## Data:
-.-.-
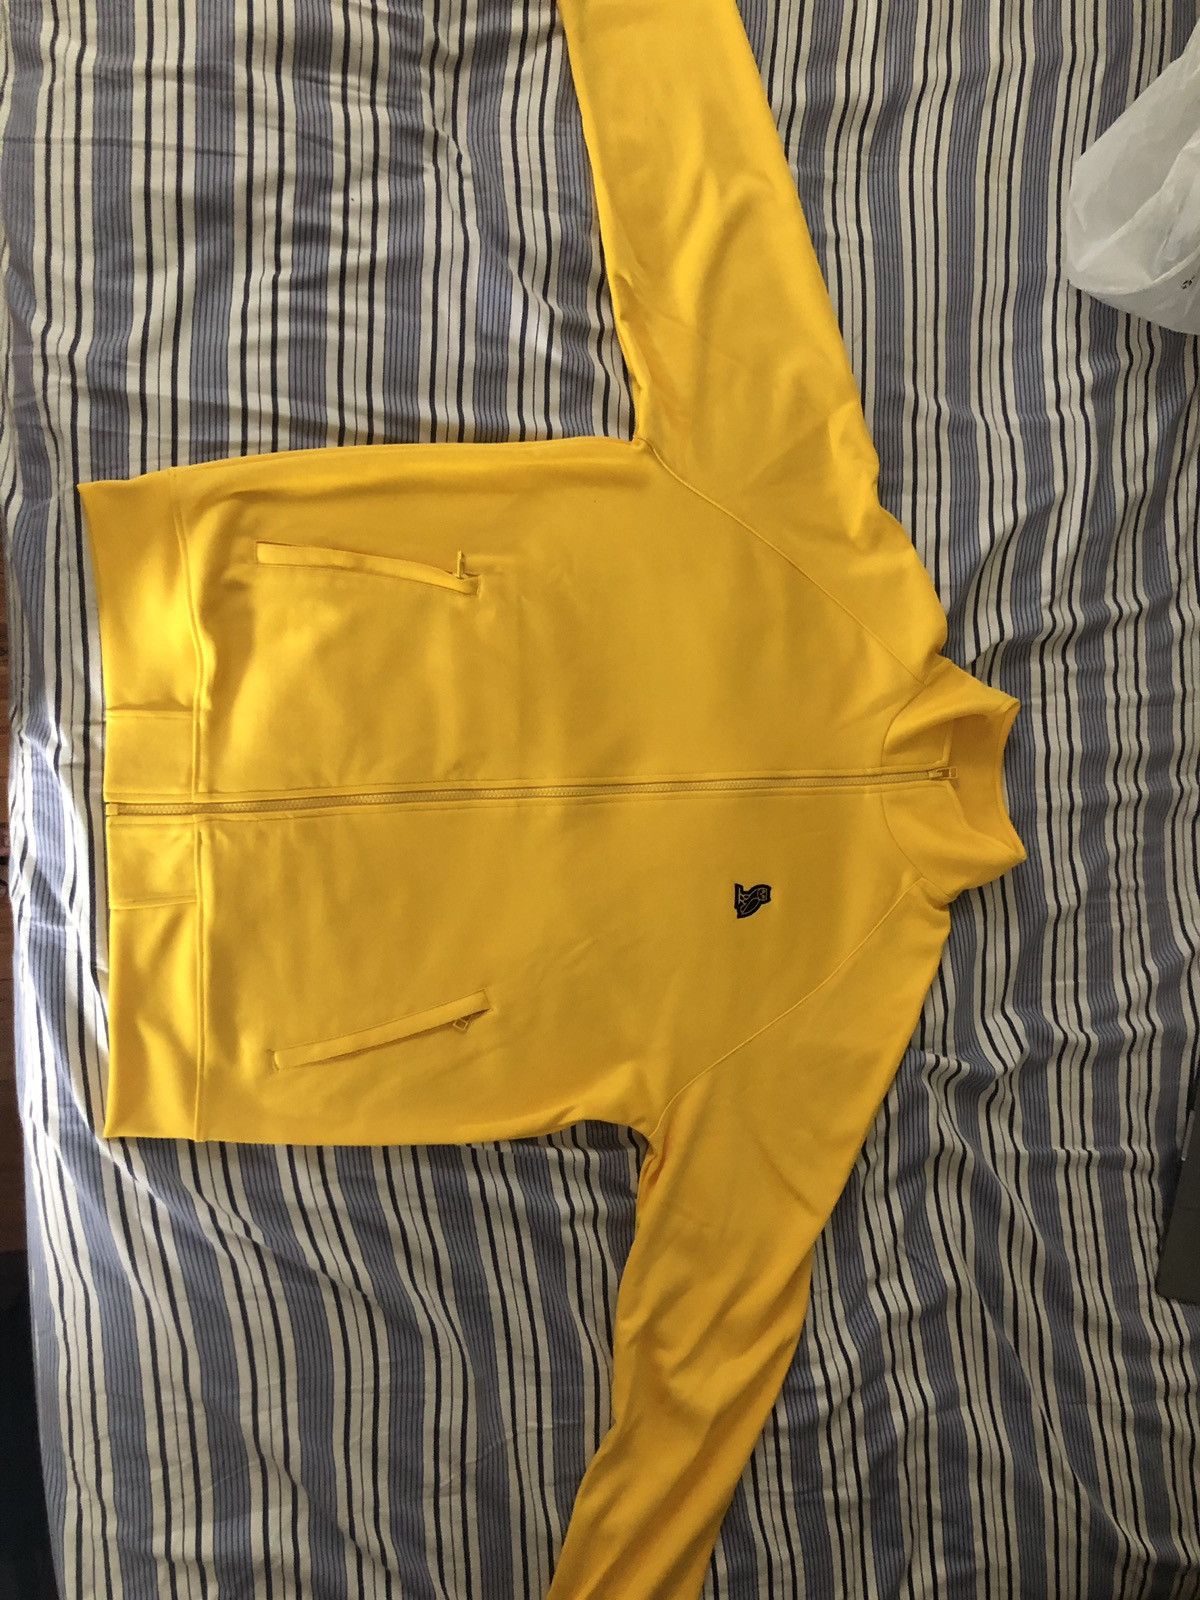 Octobers Very Own OVO zip up sweater Size US L / EU 52-54 / 3 - 2 Preview
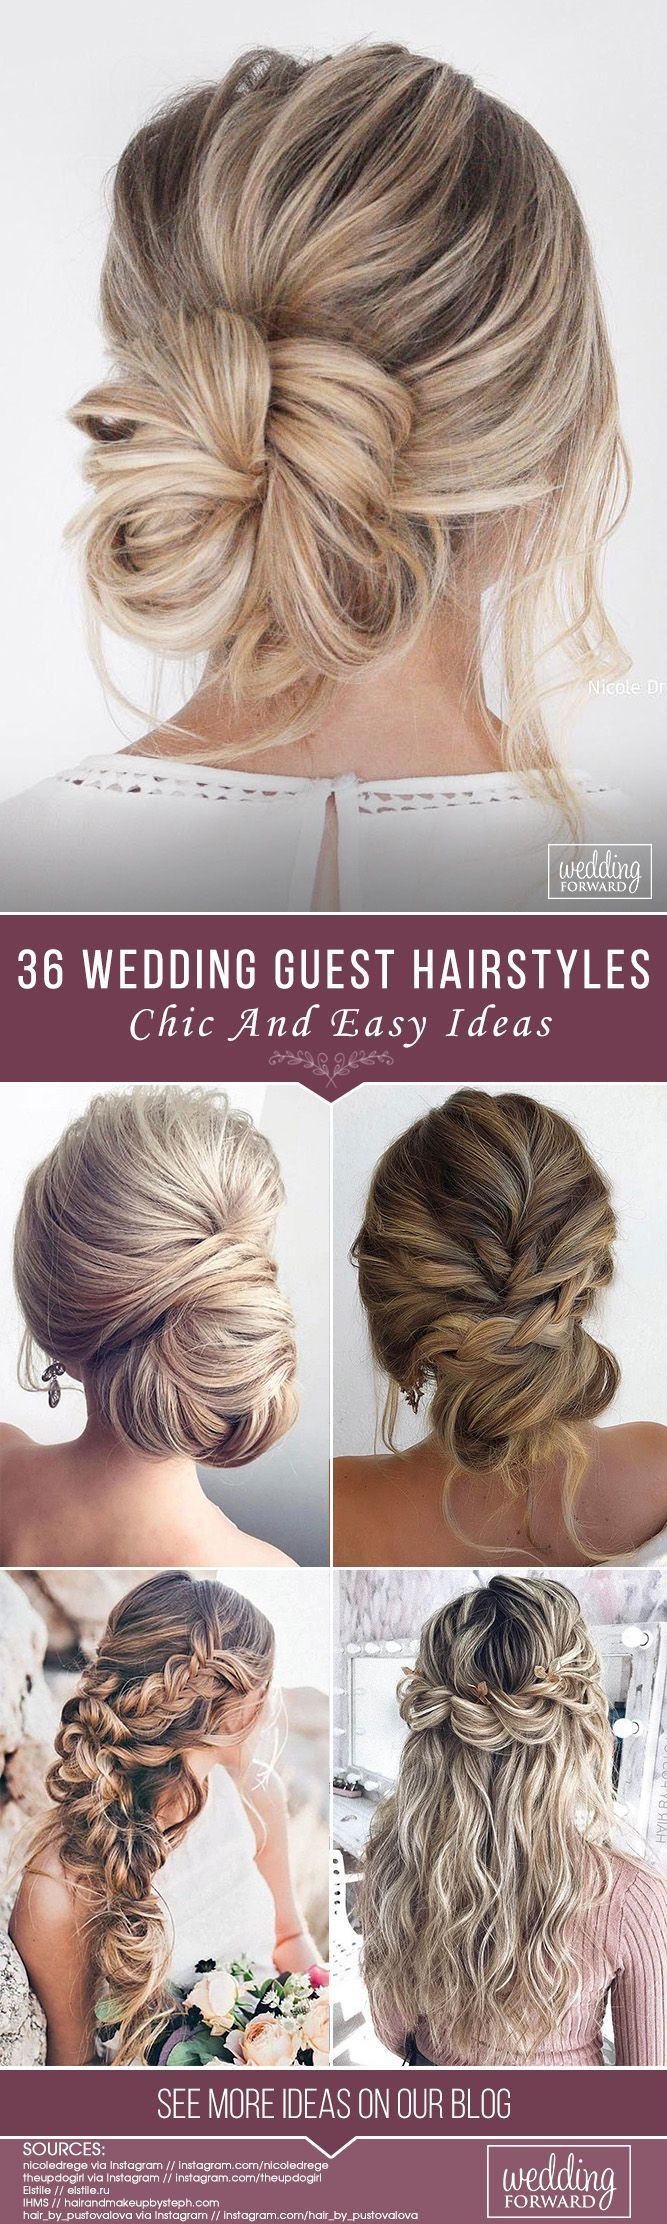 Wedding Guest Hairstyles DIY
 42 Wedding Guest Hairstyles The Most Beautiful Ideas
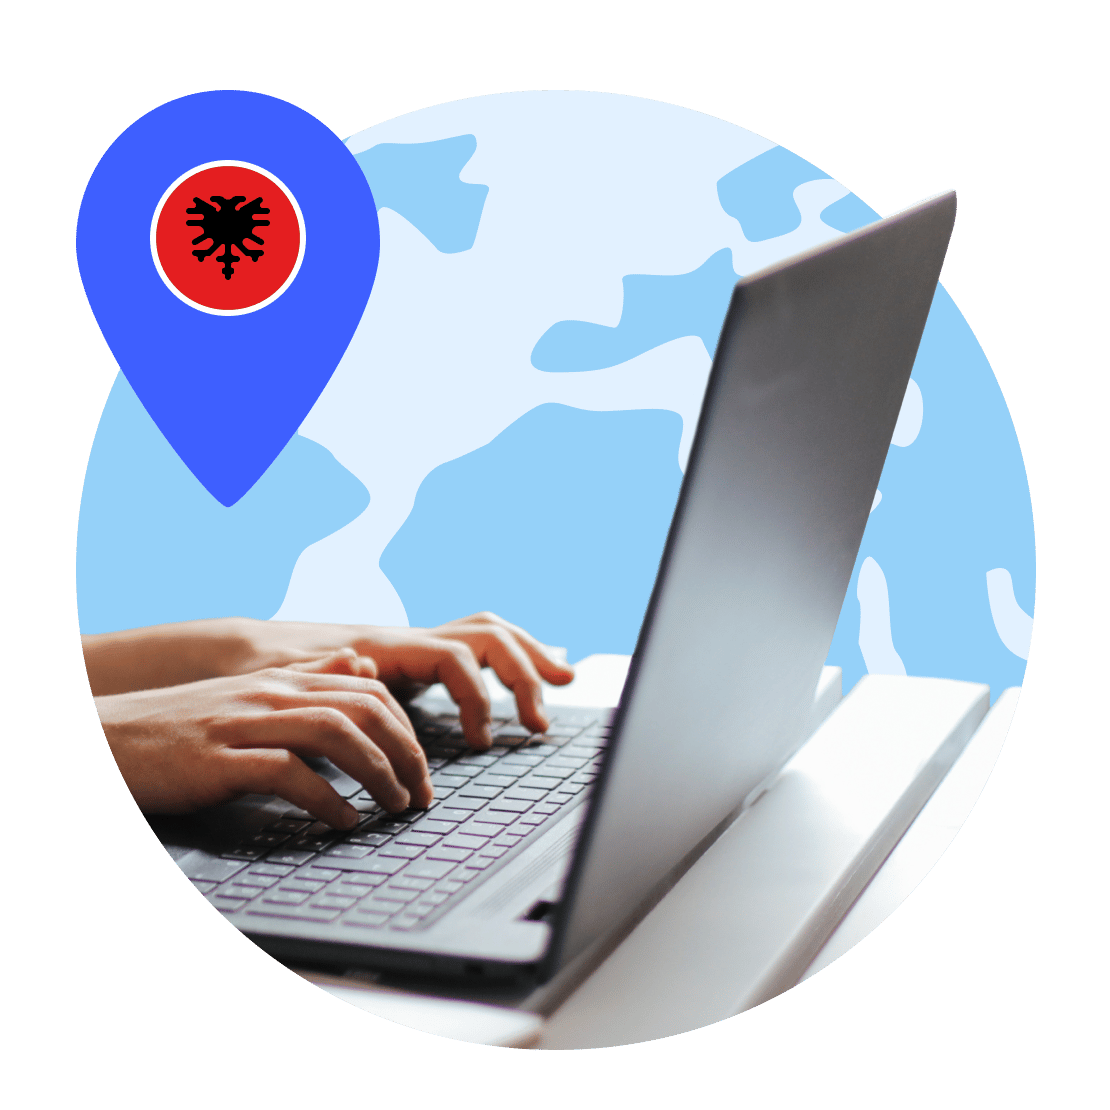 Connect to Albanian VPN servers and browse safely.
-.-.-
## What to do:
Produce the material above again in full, with identical lines and no pictures.

## Answer for the task:
 Octobers Very Own OVO zip up sweater Size US L / EU 52-54 / 3 - 2 Preview
 Wedding Guest Hairstyles DIY
 42 Wedding Guest Hairstyles The Most Beautiful Ideas
 Connect to Albanian VPN servers and browse safely.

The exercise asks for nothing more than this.